I have traded one of mine live (TechTrader) on the Net for 7 yrs and it has been dissected by more people than I could possibly know. It traded in a raging Bull market and turned $30K on margin to $365,000 when I stopped it in 2007.
After reading Howard Bandy's work ---who is a Doctor of Mathematics---it became clear to me that this Builder (me) was never going to be as good as these guys when it comes to systems design.
Now I pay people to design and critique a whole host of ideas and methods. These guys are amazing and the results can be truly eye opening to say the least. Worth every cent. (I'm currently investing around $23000 a year on this).---and yes at sometime there will be an attempt to recoup my investment not only through the systems that are developed and designed but from those eye openers as well!!

I suggest reading Radges book "Unholy grail's" which goes a good way with the basics--TechTrader one of mine is in there.
Then Howard Bandy's works.


----------



## tradezy (26 October 2014)

Hi Tech/A,

Great information!!

I haven't heard of that term "Forward Referencing Conditions". Can you explain what this means?

Thanks,

Tradezy


----------



## tech/a (26 October 2014)

tradezy said:


> Hi Tech/A,
> 
> Great information!!
> 
> ...





Many budding system developers when they find the* Peak and Trough functions* think they have found the holy grail of conditions.
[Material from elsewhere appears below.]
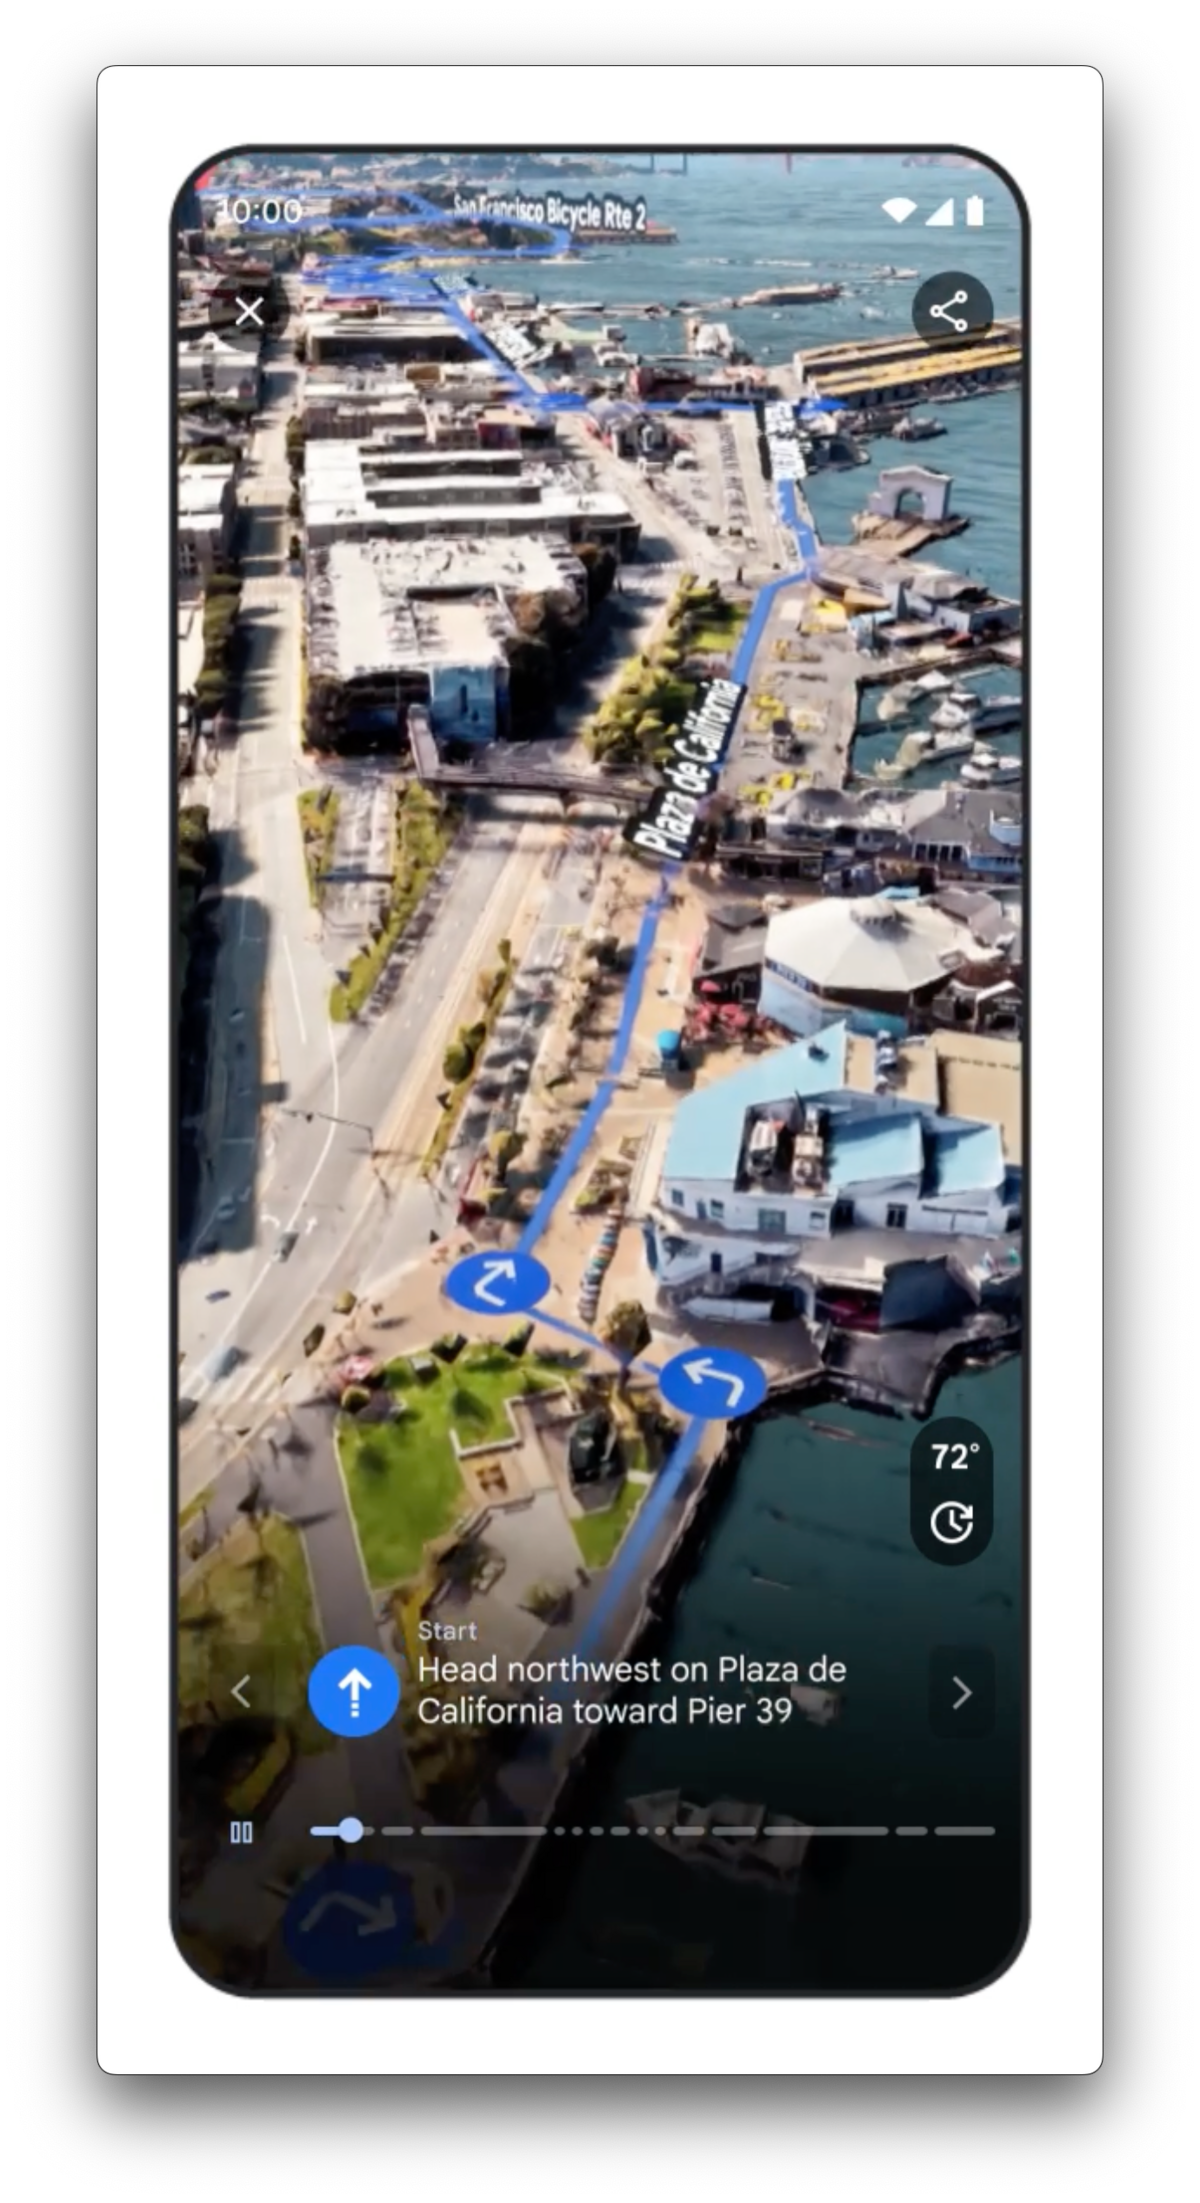 Récemment, Google a lancé Immersive View, qui permet d'obtenir une reproduction ultra-réaliste d'une ville © Google

Anything with a peak or trough can be found and incorporated in a formula.
Such as a % change from a pivot high or low or Divergence which requires a higher high or lower low.

These reference the *ZIGZAG* function.
The Metastock primer explains it better than I


http://www.metastockproducts.com/page_info.php?link_name=ch4_zig_zag

When you use a data set (historical data) the peaks and troughs are *KNOWN*.
So results are perfect.
In realtime the last leg to identify the latest peak or trough is dynamic it can't be known until the next leg is dynamic.


----------



## darkhorse70 (14 January 2015)

23k a year John, thats insane!

When I read books such as market wizards I have just now realized that many of these successful traders developed systems. Some or most assisted by programs.

Were most of them assisted by computer programmers?
What about newb traders such as myself and others who dont have those sophisticated computer skills?

Ate we still capable if designing great unique systems?


----------



## tech/a (14 January 2015)

darkhorse70 said:


> 23k a year John, thats insane!
> 
> When I read books such as market wizards I have just now realized that many of these successful traders developed systems. Some or most assisted by programs.
> 
> ...




Yes of course. (don't know about unique but certainly profitable.
Many years ago I designed the one mentioned above. Did very well.

We (Kris and I) are working on the very issue you and many traders face.
Will keep you and interested people in the loop.


----------



## darkhorse70 (14 January 2015)

Sounds good John.


----------